Usage
snssde2d(N, ...)
## S3 method for class 'default':
snssde2d(N = 1000, M = 1, x0 = 0, y0 = 0, t0 = 0, T = 1, Dt,
driftx, diffx, drifty, diffy, alpha = 0.5, mu = 0.5,
type = c("ito", "str"), method = c("euler", "milstein",
"predcorr", "smilstein", "taylor", "heun", "rk1", "rk2",
"rk3"), ...)
## S3 method for class 'snssde2d':
summary(object, \dots)
## S3 method for class 'snssde2d':
time(x, \dots)
## S3 method for class 'snssde2d':
mean(x, \dots)
## S3 method for class 'snssde2d':
median(x, \dots)
## S3 method for class 'snssde2d':
quantile(x, \dots)
## S3 method for class 'snssde2d':
kurtosis(x, \dots)
## S3 method for class 'snssde2d':
skewness(x, \dots)
## S3 method for class 'snssde2d':
moment(x, order = 2, \dots)
## S3 method for class 'snssde2d':
bconfint(x, level=0.95, \dots)
## S3 method for class 'snssde2d':
plot(x, \dots)
## S3 method for class 'snssde2d':
lines(x, \dots)
## S3 method for class 'snssde2d':
points(x, \dots)
## S3 method for class 'snssde2d':
plot2d(x, \dots)
## S3 method for class 'snssde2d':
lines2d(x, \dots)
## S3 method for class 'snssde2d':
points2d(x, \dots)Arguments
N
number of simulation steps.
x0, y0
initial value of the process $X_{t}$ and $Y_{t}$ at time t0.
Dt
time step of the simulation (discretization).
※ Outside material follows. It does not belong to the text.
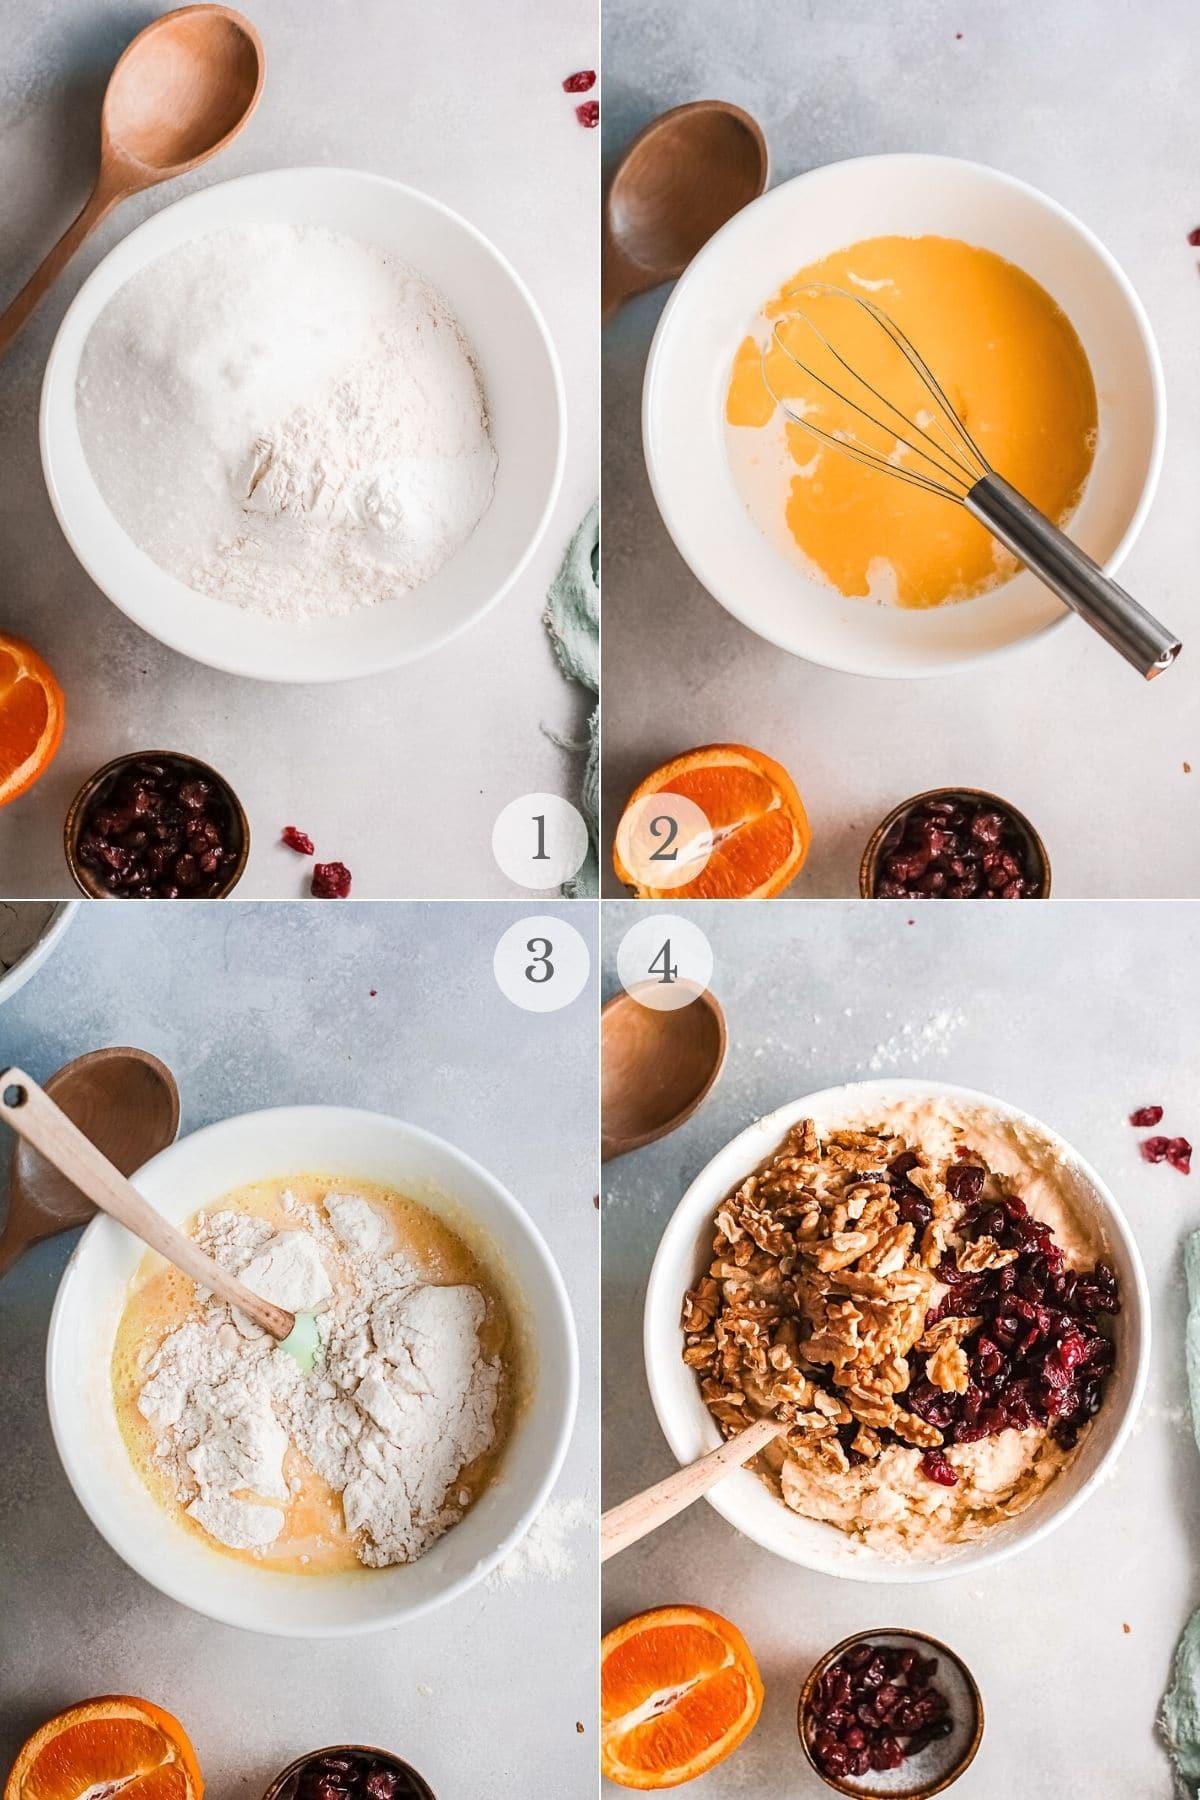 cranberry orange bread recipe steps 1-4

If it is missing a default $\Delta t = \frac{T-t_{0}}{N}$. driftx, drifty
drift coefficient: an expression of three variables t, x and y for process $X_t$ and $Y_t$. diffx, diffy
diffusion coefficient: an expression of three variables t, x and y for process $X_t$ and $Y_t$. alpha, mu
weight of the predictor-corrector scheme; the default alpha = 0.5 and mu = 0.5.
type
if type="ito" simulation sde of Ito type, else type="str" simulation sde of Stratonovich type; the default type="ito".
method
numerical methods of simulation, the default method = "euler".
x, object
an object inheriting from class "snssde2d".
level
the confidence level required.
...
further arguments for (non-default) methods.